I earmarked this article https://doi.org/10.1136/bmj.k5017 a year ago as an important analytical piece on using a systematic approach to improve care. It spoke to me about personalising care, and systematising how that is done, and about reducing wasteful variation by targeting resources on care that met patients needs. It also spoke about communication, and assessing patient need based on conversations.
The article tackled something else too; semantics. The authors debated the meaning of the term ‘best supportive care’, and whether it is the same as palliative care. ‘Best supportive care’ is a phrase that comes back to us from MDT meetings, where patient treatment options are systematically reviewed and agreed by experts. Patients who are too unwell, or who reject, active treatment of their cancer are allocated to ‘best supportive care’. What that means, who provides it, and whether it is different to palliative care is all a moot point.
In the responses to the paper, the debate continues; will this term become a euphemism for palliative care? And who decides what best supportive care entails, and who is responsible for delivering it?

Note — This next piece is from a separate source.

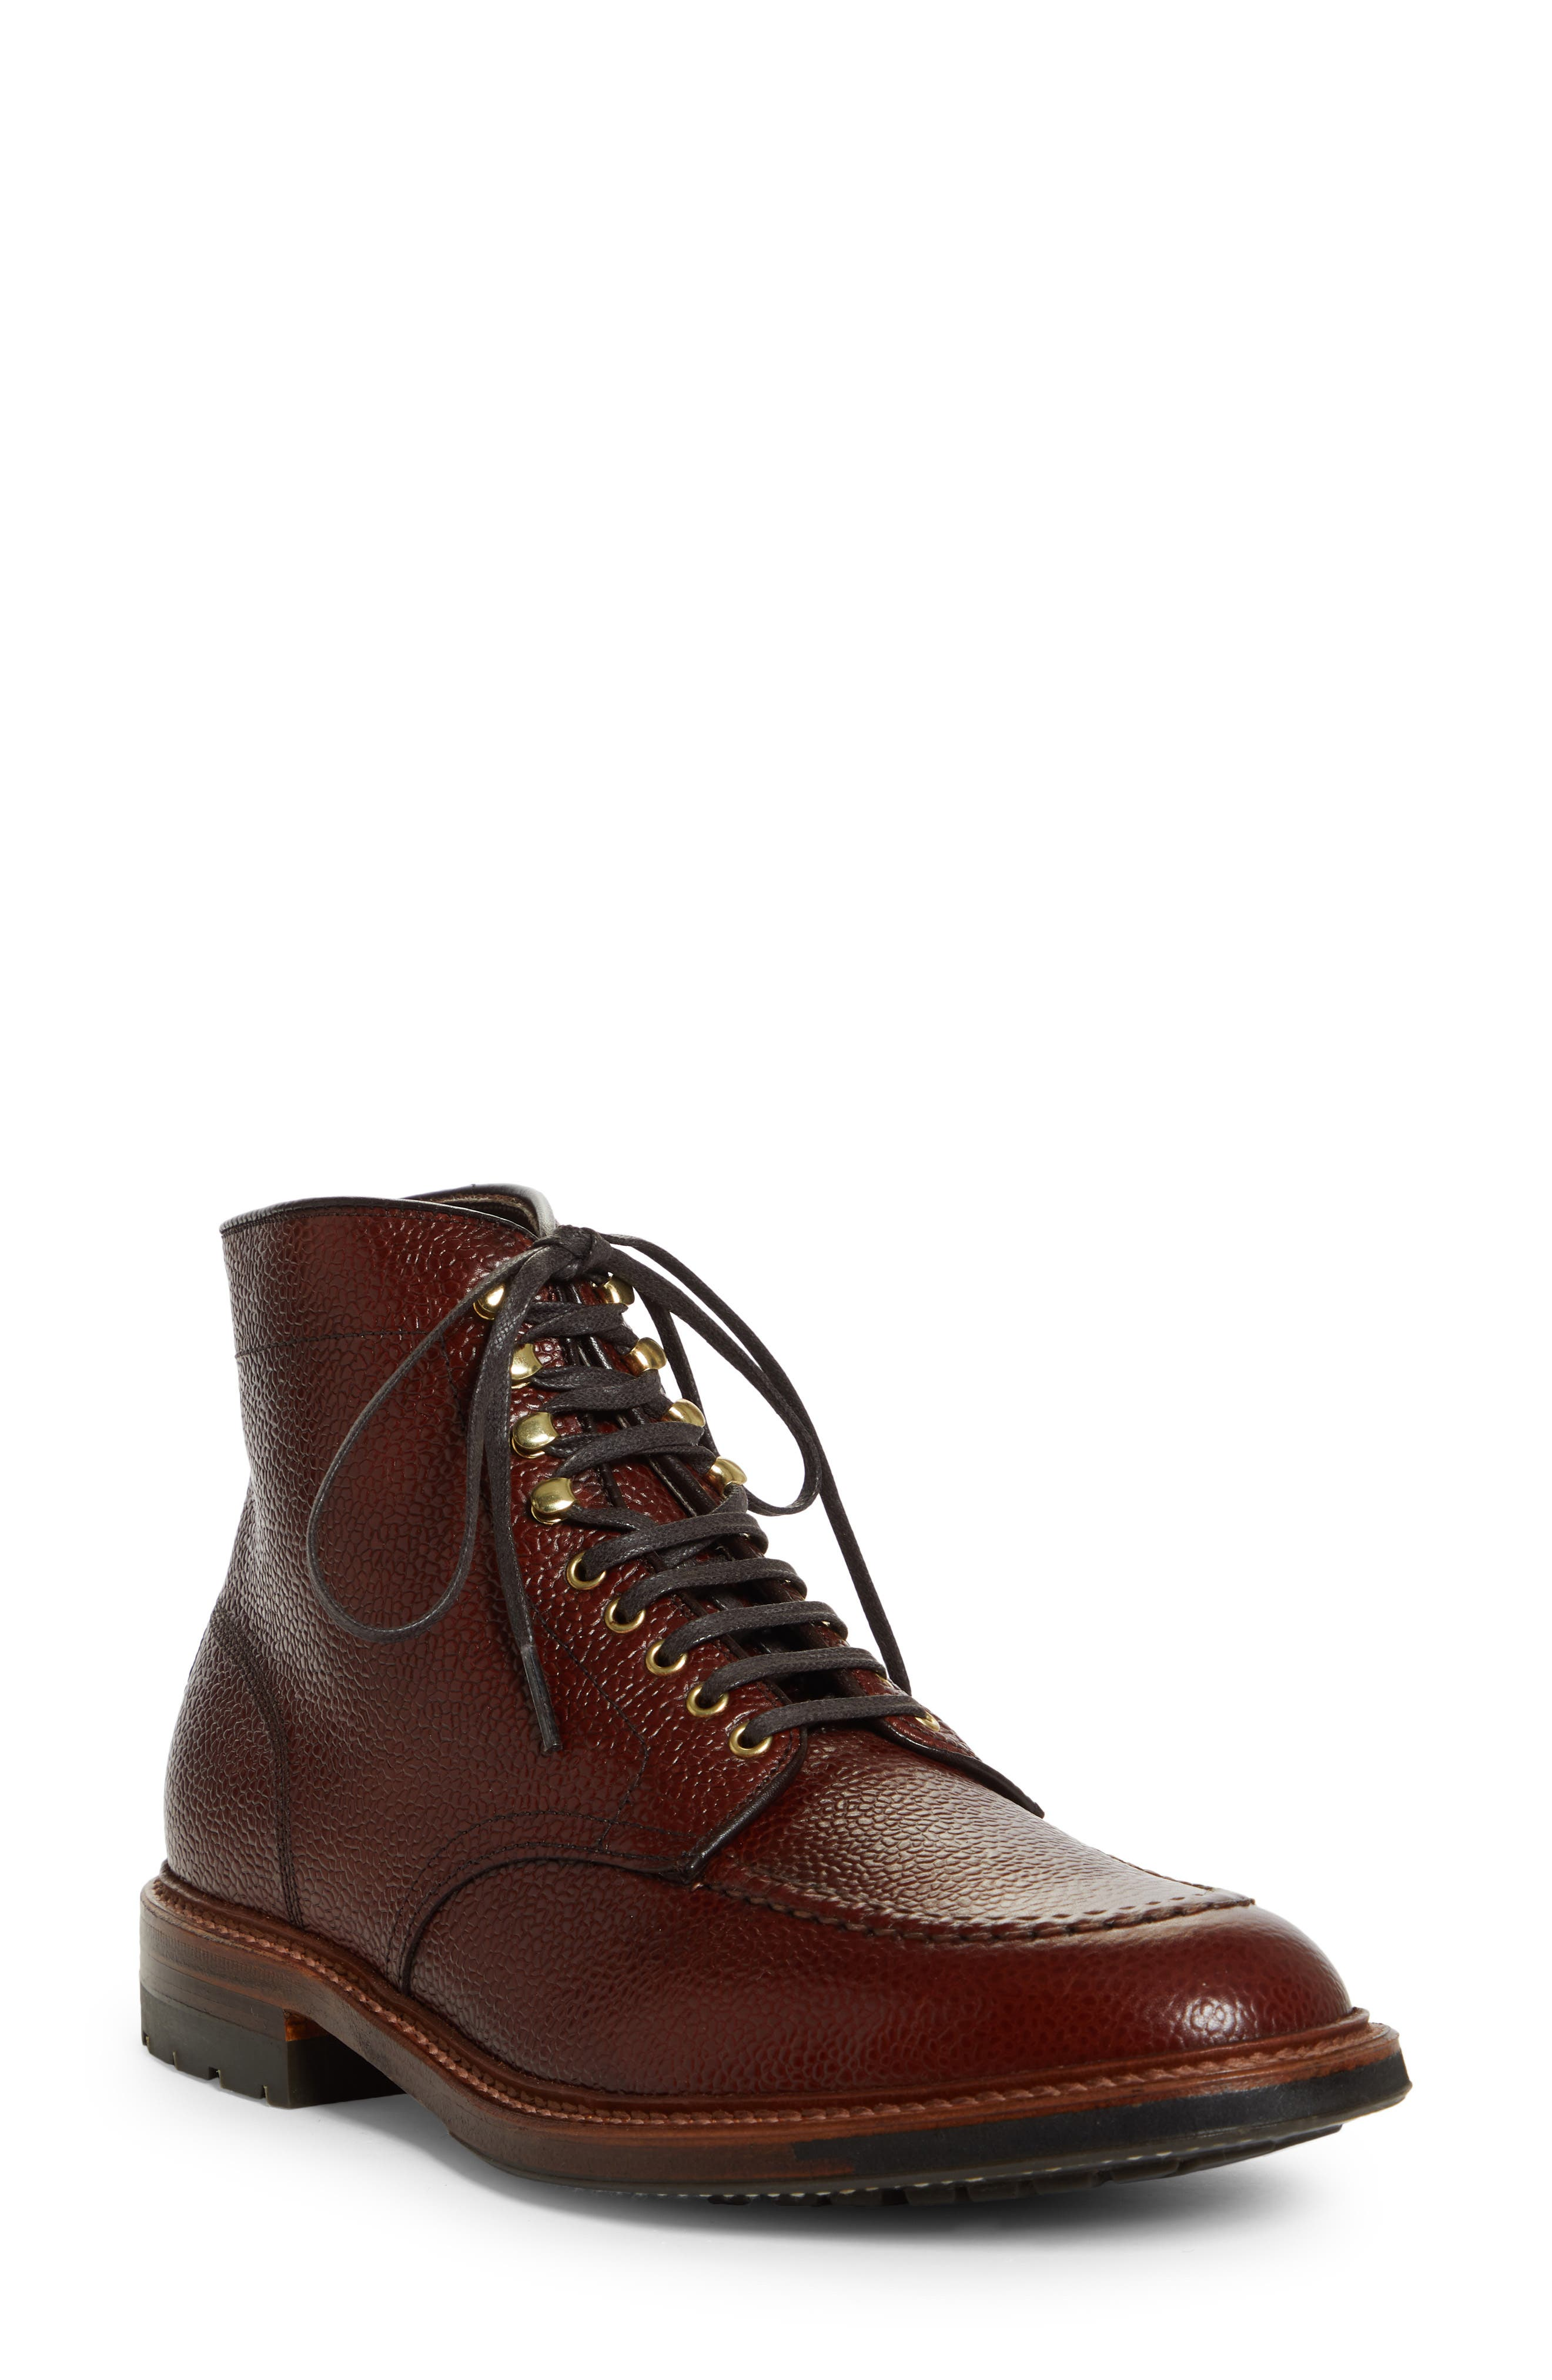 Alden Moc Toe Blucher Boot

Looking at the experience of patients with newly diagnosed lung cancer in Fife, it was clear that something was not right. Patients and those around them described uncertainty about who was overseeing their care. There was a lot of variation in actual care and support provided, but this did not equate to need, and was a product of a lack of a systematic approach.
The system that the team in Fife devised based itself on realistic medicine principals.
While this plan looks only at the care of patients with lung cancer, it could be a blueprint for the development of similar services. For example, on our small patch of the Hebrides, it would be sensible to use this approach for all patients requiring best supportive care.
The plan starts with a comprehensive, patient-centred assessment of need, led by a senior clinician. In Fife, where the team started with lung cancer patients, the assessment was a senior palliative medicine clinician. In the Hebrides, we would have to cut our cloth accordingly, and this may be a cancer care lead GP, or a MacMillan nurse. Our own experience is that patients like to know which GP and MacMillan nurse is overseeing their care. One key feature of the assessment is that it is about exploring understanding, discussing implications, and evolving the conversation towards care planning and support.
The second key step in Fife was communicating with all of the professionals identified in the initial plan, including setting up a Key Information Summary. Communication is so easy to do badly, and makes such a huge difference when done well.
My own experience is that this is an iterative process, and the cycle could easily be repeated as circumstances change. The experience in Fife was that over the first three years of the project, systematic change spread through palliative care service delivery.
A treatment that lacks evidence, does not have a realistic outcome or benefit, or that is not really useful for the patient, is a resource wasted. Saving the patient from unnecessary treatment also saves resources, which can then be redirected into support. The health economics of this change in focus is mentioned, but not described; the authors mention this as a barrier to achieving change, as the savings and investments are across organisations and budgets.
Their argument is that delivering what really matters to patients enables effective clinical care without overuse of resources. We know that sounds right, even if the healthcare economics are hard to pin down.